Imperial has stated it is willing to increase its pension contributions as a consultation over a long-running dispute closes.
Proposed changes to the University Superannuation Scheme (USS) – the pension plan to which most lecturers in the UK belong – sparked strikes earlier this year. The suggested move would have linked the value of pensions to the performance of the stock market. Analysis suggested that the move could cost members up to 60% of their pension value. Following an agreement between the University and College Union (UCU) and Universities UK (UUK) a panel was set up to review the valuation process that incorrectly judged the USS to have a £7.5 million deficit.
Released last month, the report of the Joint Expert Panel (JEP) set out five adjustments to be considered in future valuations. Chief among these is a “fuller consideration of the employers’ ability and willingness to bear risk”.
Responding to a consultation on the JEP’s findings, a College statement said: “The College is supportive of retaining the current…USS if this is sustainable from a financial and regulatory perspective. We are willing to increase our employer contributions…to support the scheme.”
Last November, the then-provost Professor James Stirling said the planned changes were “necessary” as the USS was “not likely to be sustainable”. UCU representatives told Felix at the time that the College had acknowledged it could afford to continue with the USS but had chosen not to.
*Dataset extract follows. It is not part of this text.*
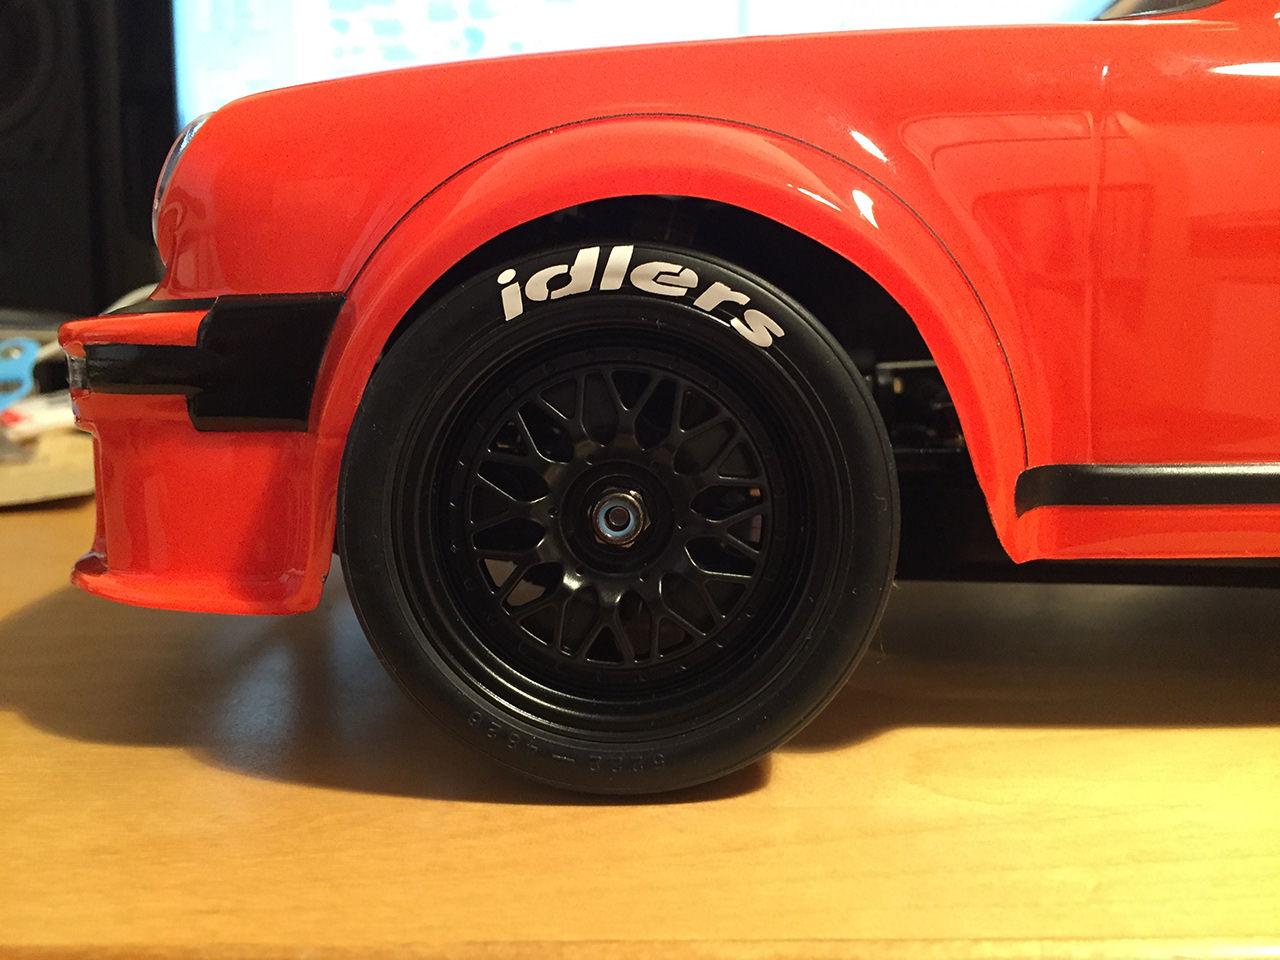 ta02sw-934-body-wheelbase-f.jpg

According to one UCU member, the reaction to the report has been “broadly positive”.
“We’ve said all along the valuation is flawed and finally someone is agreeing with us,” they said. However, they added: “The only snag is making sure the recommendations of the JEP are implemented, which is not guaranteed at present.”
Last week, the Financial Times reported that 39 finance experts had urged the USS to reject the JEP’s proposals or face “pernicious consequences”. The JEP defended its recommendations, saying they were “practical and reflect the unique, underlying strength and longevity of the USS”.
Any suggestions that Imperial cannot afford to support its staff border on risible given the College’s spending habits.
Continuing with the current USS plan would cost Imperial no more than 10% of its operating surplus, which 2016-17 figures put at almost £120 million. In the year prior, the College paid £80 million into pensions funds. Its profit over the same period was £78 million.
Since then, staff expenditure (i.e. the amount spent on salaries and pensions) has fallen from 55% to 53% of total expenditure. Failure to keep up with the rate of inflation has seen the average salary at Imperial fall 1.1% each year since 2005 and London living costs have risen twice as quickly as pay. Senior staff however are the most highly paid of any Russell Group university, averaging salaries of £280,000 each.
Imperial is rapidly expanding its property portfolio (already one of the largest in London) and the College’s fixed assets total more than £1.5 billion. Other investments include £3.5 million in the tobacco industry, £9 million in fossil fuels, £3.1 million in the arms industry, and £16 million in pharmaceuticals.
The College also benefits from controversial donors such as the Sackler Trust – linked to the US opioid crisis – and the Atomic Weapons Establishment.
Imperial has withheld at least £280,000 from striking staff. Deductions across all Russell Group universities totaled over 10 million. More than 5,000 students, represented by legal firm Asserson, joined a class action lawsuit calling for partial tuition fee refunds as compensation for missed teaching time. Over 3,000 Imperial students signed a petition to the same effect. The UCU estimates that students missed almost 600,000 hours of teaching. While many universities ringfenced the withheld money for student support services or hardship funds, Imperial is diverting the money to the departments of those involved in the strikes. There have been no guarantees that this will be used to benefit students.